Ample research also suggests that the standard American diet's overload of omega-6 fats from vegetable oils may promote obesity. This omega-6 overload also reduces the body's absorption of omega-3 fats.
We'll continue to follow research in this realm and report the results… positive or otherwise.
Andersson A, Nalsen C, Tengblad S, Vessby B. Fatty acid composition of skeletal muscle reflects dietary fat composition in humans. Am J Clin Nutr. 2002 Dec;76(6):1222-9.

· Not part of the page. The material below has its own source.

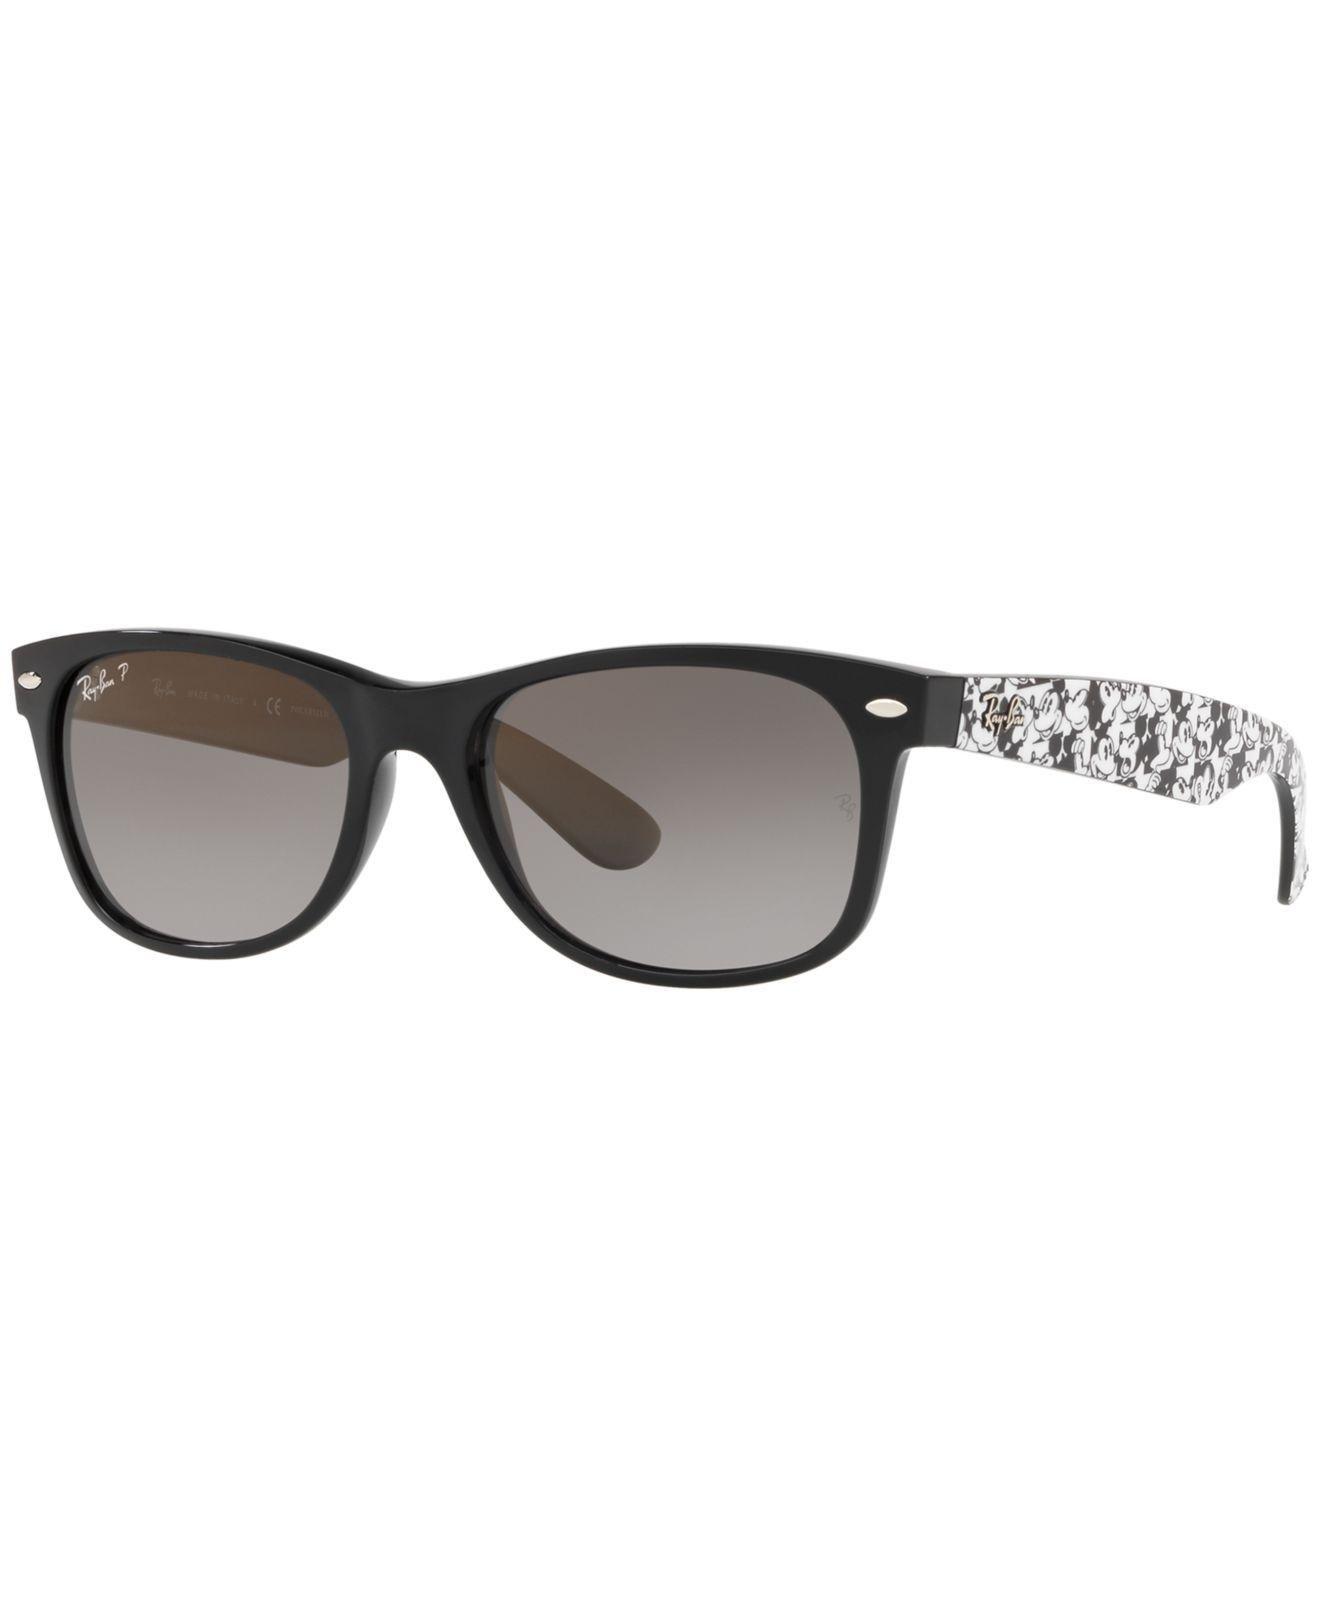 b46f2303a7bb8 Ray-Ban. Women s Black New Wayfarer Polarized Sunglasses ...

Defina LF, Marcoux LG, Devers SM, Cleaver JP, Willis BL. Effects of omega-3 supplementation in combination with diet and exercise on weight loss and body composition. Am J Clin Nutr. 2011 Feb;93(2):455-62. Epub 2010 Dec 15.

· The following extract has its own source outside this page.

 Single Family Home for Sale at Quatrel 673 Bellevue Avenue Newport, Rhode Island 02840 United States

Hill AM, Buckley JD, Murphy KJ, Howe PR. Combining fish-oil supplements with regular aerobic exercise improves body composition and cardiovascular disease risk factors. Am J Clin Nutr. 2007 May;85(5):1267-74.
Kopecky J, Rossmeisl M, Flachs P, Kuda O, Brauner P, Jilkova Z, Stankova B, Tvrzicka E, Bryhn M. n-3 PUFA: bioavailability and modulation of adipose tissue function. Proc Nutr Soc. 2009 Nov;68(4):361-9. Epub 2009 Aug 24. Review.
Kunesova M, Braunerova R, Hlavaty P, Tvrzicka E, Stankova B, Skrha J, Hilgertova J, Hill M, Kopecky J, Wagenknecht M, Hainer V, Matoulek M, Parizkova J, Zak A, Svacina S. The influence of n-3 polyunsaturated fatty acids and very low calorie diet during a short-term weight reducing regimen on weight loss and serum fatty acid composition in severely obese women. Physiol Res. 2006;55(1):63-72. Epub 2005 Apr 26.
Parra D, Ramel A, Bandarra N, Kiely M, Martínez JA, Thorsdottir I. A diet rich in long chain omega-3 fatty acids modulates satiety in overweight and obese volunteers during weight loss. Appetite. 2008 Nov;51(3):676-80. Epub 2008 Jun 14.